§ Problem description: Transcribe the listing that follows in full, exactly, and drop its images.

§ Available data:

****************************************

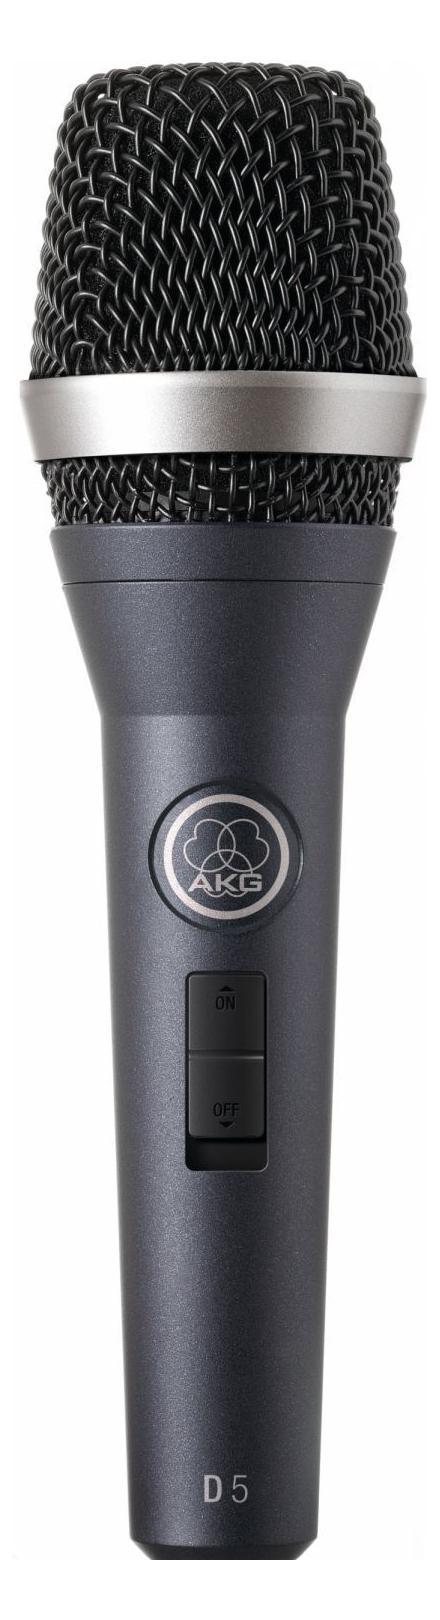 Mikrofone - AKG D5 S - Onlineshop Musikhaus Kirstein
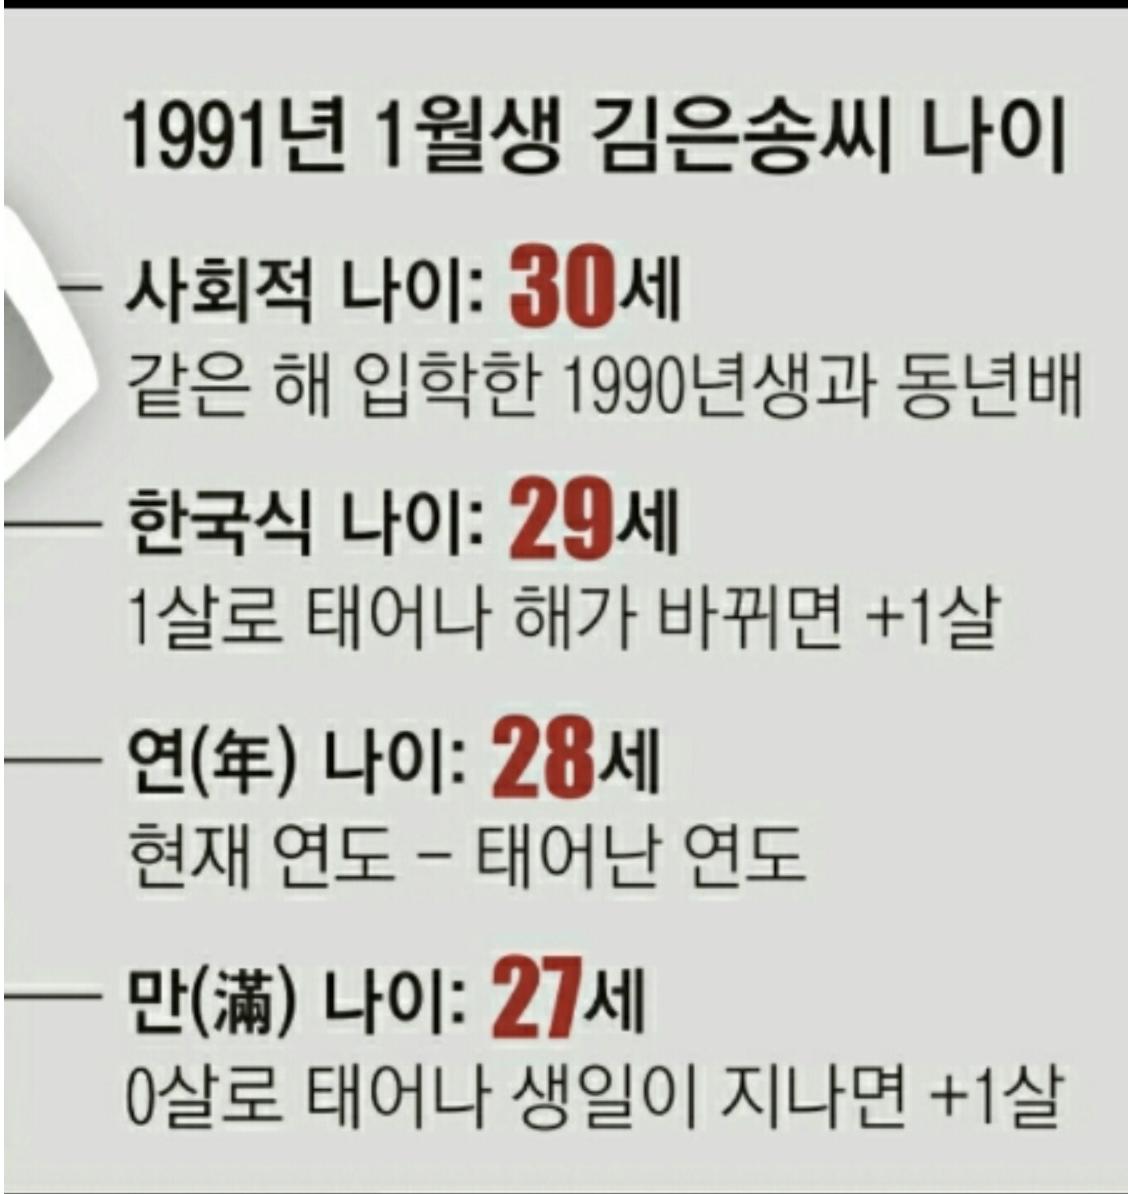 Complex Korean age system - K-POP, K-FANS
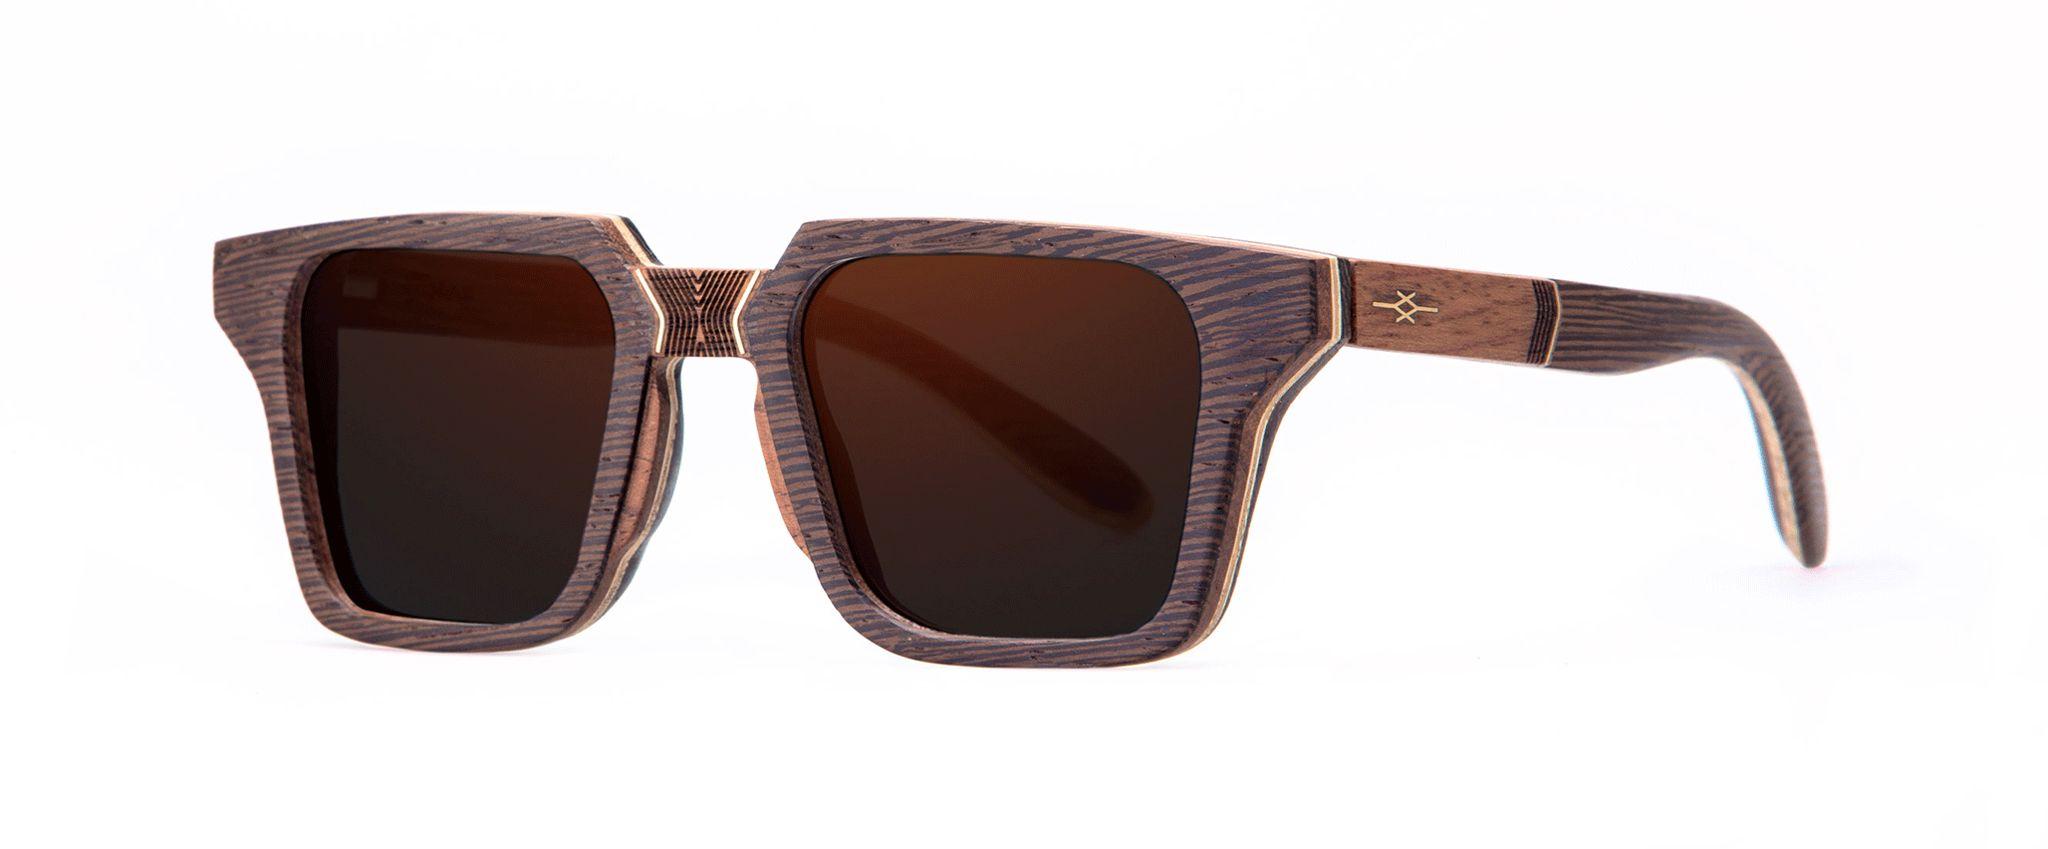 Totem Vakay designer sunglasses Wenge

****************************************

§ Solved exercise:
 Mikrofone - AKG D5 S - Onlineshop Musikhaus Kirstein
 Complex Korean age system - K-POP, K-FANS
 Totem Vakay designer sunglasses Wenge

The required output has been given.